1. The set of rules in a group is used to generate a
[Nondeterministic Finite Automaton](https://en.wikipedia.org/wiki/Nondeterministic_finite_automaton),
(NFA).
2. The NFA is ttransformed into a
[Deterministic Finite Automaton](https://en.wikipedia.org/wiki/Deterministic_finite_automaton)
(DFA), using a variant of the standard
[powerset construction](https://en.wikipedia.org/wiki/Powerset_construction)
algorithm. This variant has been modified to ensure that the following
additional properties hold:
- Patterns are matched in the order in which they are defined.
- The associated transition functions are maintained correctly through the
transformation.
- The lexing process is `O(n)`, where `n` is the size of the input.
3. The DFA is then used to generate the rust code that implements that lexer.

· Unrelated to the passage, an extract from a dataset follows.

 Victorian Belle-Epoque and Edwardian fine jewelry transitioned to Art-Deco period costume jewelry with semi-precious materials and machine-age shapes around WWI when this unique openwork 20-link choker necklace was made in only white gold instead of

The generated lexer contains a main loop that consumes the input stream
character-by-character, evaluating what is effectively a big `match` expression
that processes the input to evaluate the user-provided transition functions as
appropriate.
### Automated Code Generation
In order to avoid the lexer definition getting out of sync with its
implementation (the generated engine), it is necessary to create a separate
crate for the generated engine that has the lexer definition as one of its
dependencies.
This separation enables a call to `flexer::State::specialize()` in the crate's
`build.rs` (or a macro) during compilation. The output can be stored in a new
file i.e. `engine.rs` and exported from the library as needed. The project
structure would therefore appear as follows.
```
- lib/rust/lexer/
- definition/
- src/
- lib.rs
- cargo.toml
- generation/
- src/
- engine.rs <-- the generated file
- lib.rs <-- `pub mod engine`
- build.rs <-- calls `flexer::State::specialize()` and saves its output to
`src/engine.rs`
- cargo.toml <-- lexer-definition is in dependencies and build-dependencies
```
With this design, `flexer.generate_specialized_code()` is going to be executed
on each rebuild of `lexer/generation`. Therefore, `generation` should contain
only the minimum amount of logic, and should endeavor to minimize any
unnecessary dependencies to avoid recompiling too often.

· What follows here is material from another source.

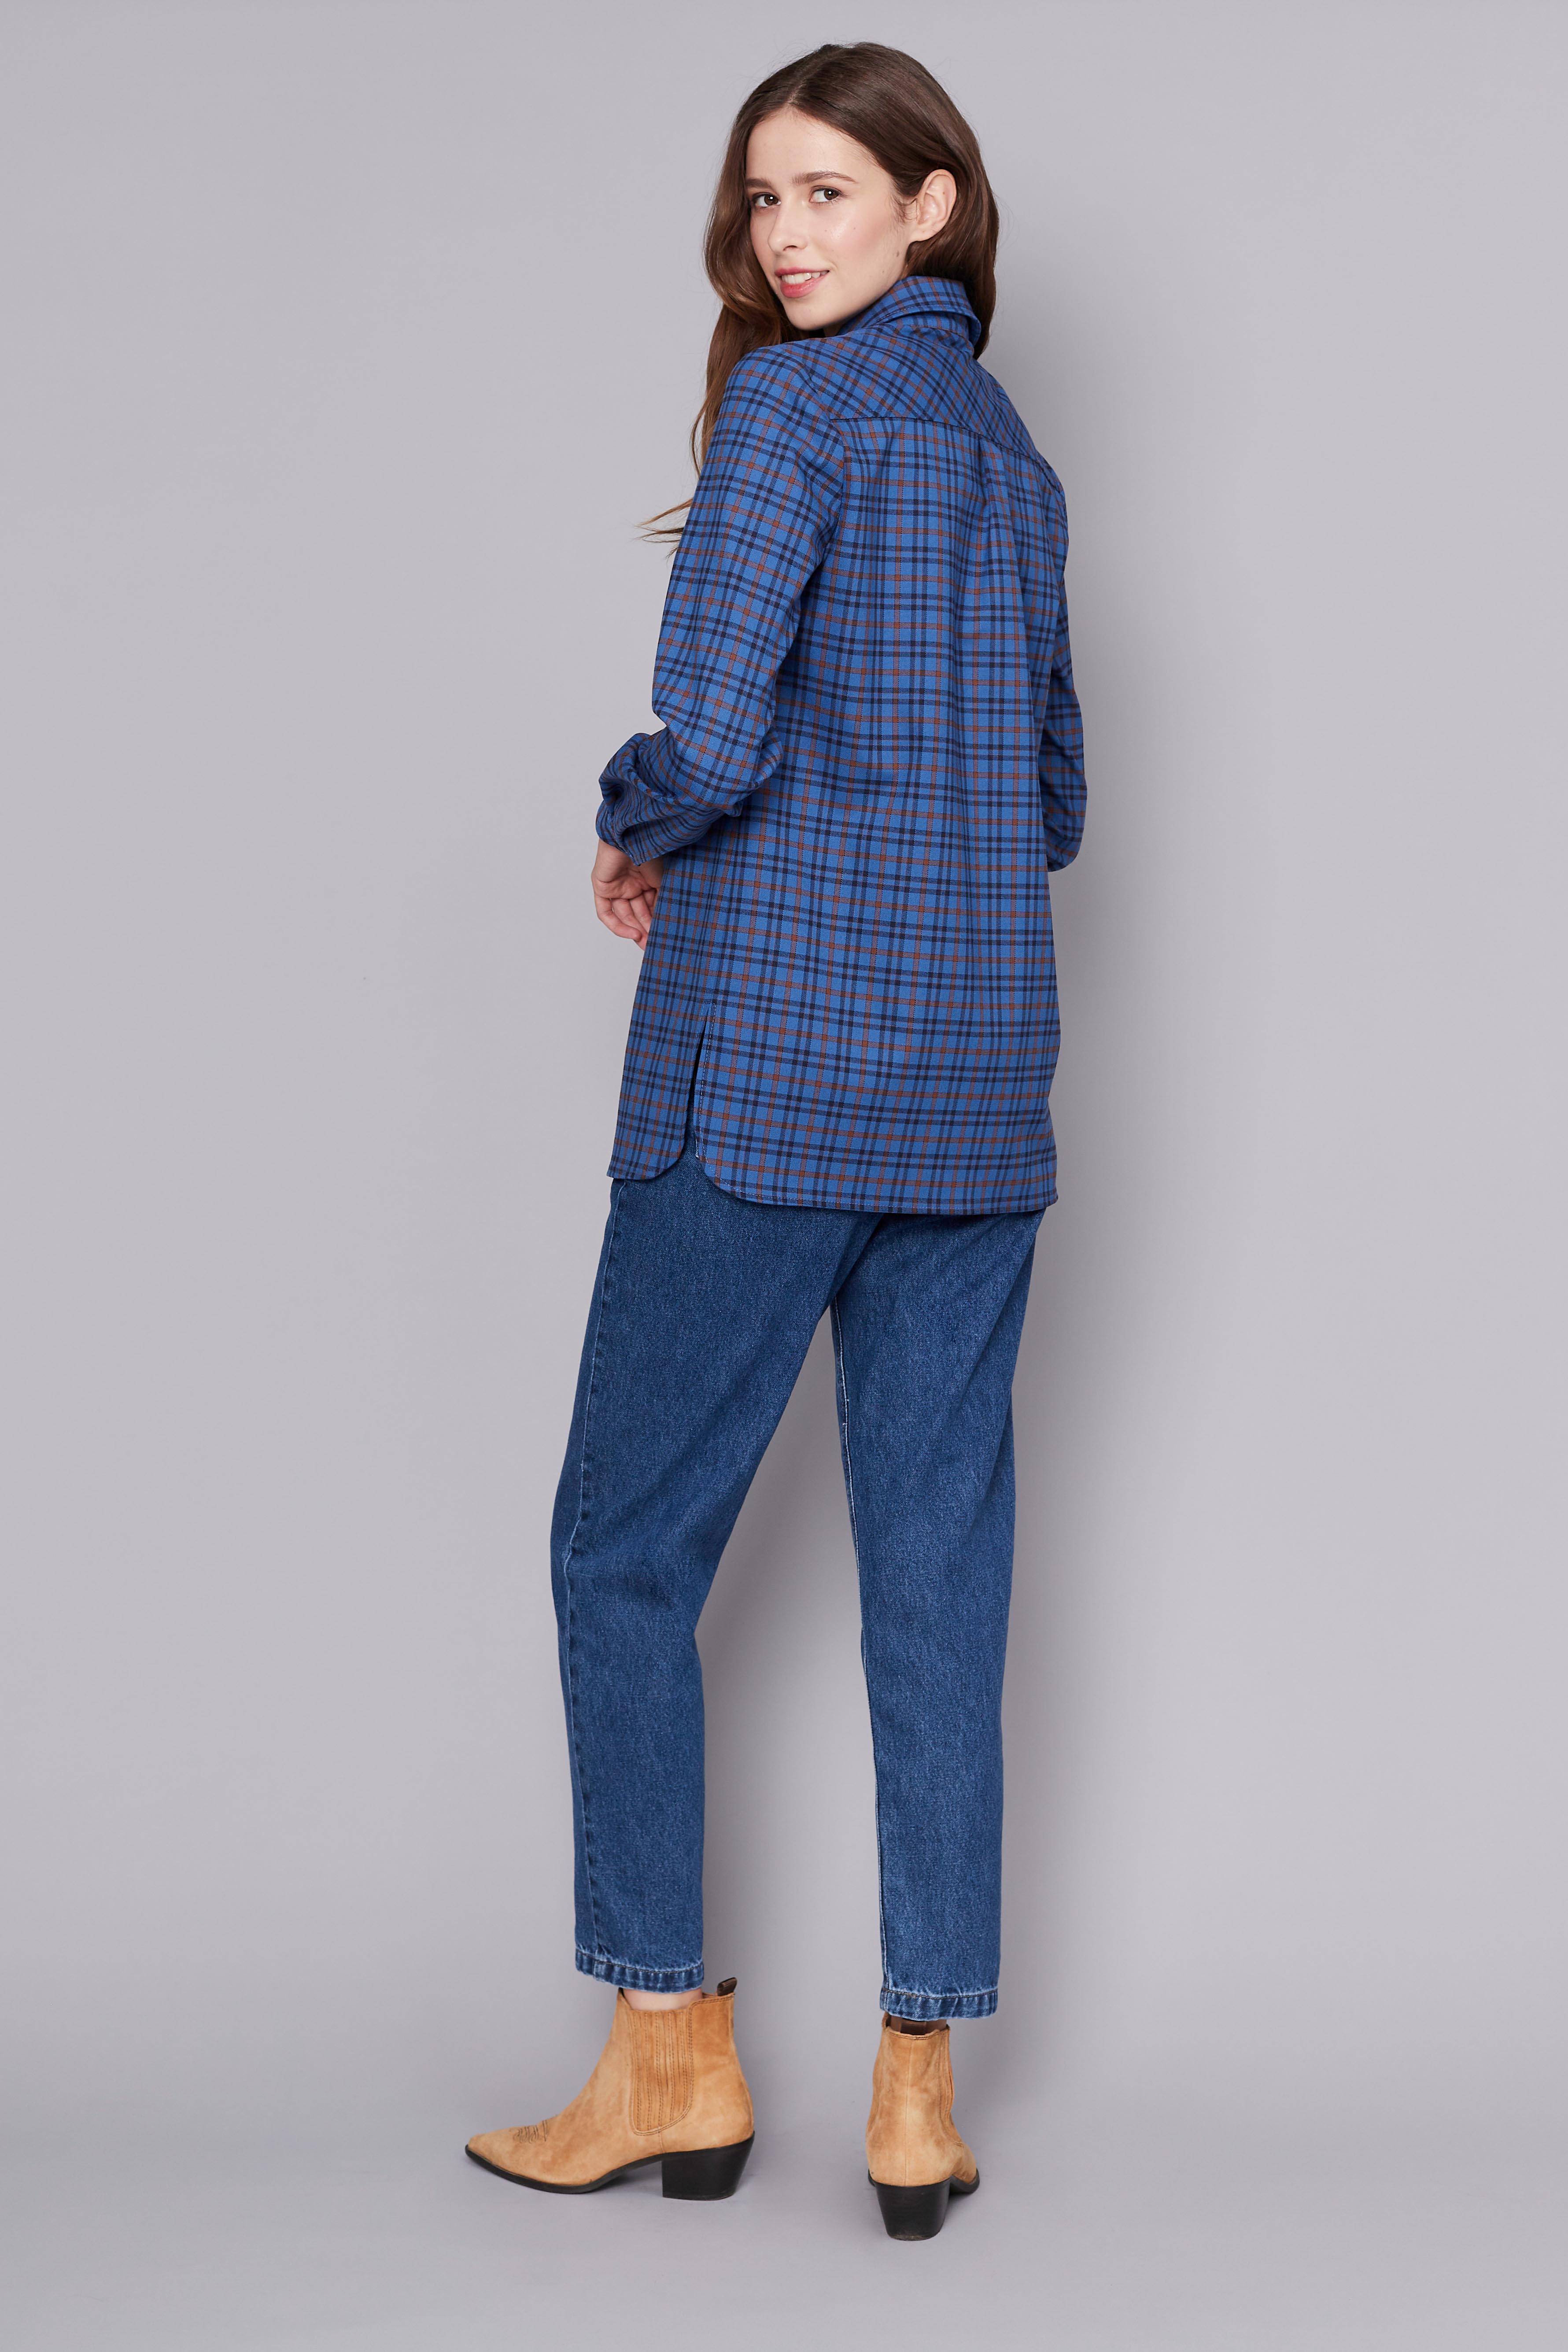 Blue checkered shirt with pockets, photo 1

## Structuring the Flexer Code
In order to unify the API between the definition and generated usages of the
flexer, the API is separated into the following components:
- `Flexer`: The main flexer definition itself, providing functionality common to
the definition and implementation of all lexers.
- `flexer::State`: The stateful components of a lexer definition. This trait is
implemented for a particular lexer definition, allowing the user to store
arbitrary data in their lexer, as needed.
- **User-Defined Lexer:** The user can then define a lexer that _wraps_ the
flexer, specialised to the particular `flexer::State` that the user has
defined. It is recommended to implement `Deref` and `DerefMut` between the
defined lexer and the `Flexer`, to allow for ease of use.
### Supporting Code Generation
This architecture separates out the generated code (which can be defined purely
on the user-defined lexer), from the code that is defined as part of the lexer
definition. This means that the same underlying structures can be used to both
_define_ the lexer, and be used by the generated code from that definition.
For an example of how these components are used in the generated lexer, please
see [`generated_api_test`](../../lib/rust/flexer/tests/generated_api_test.rs).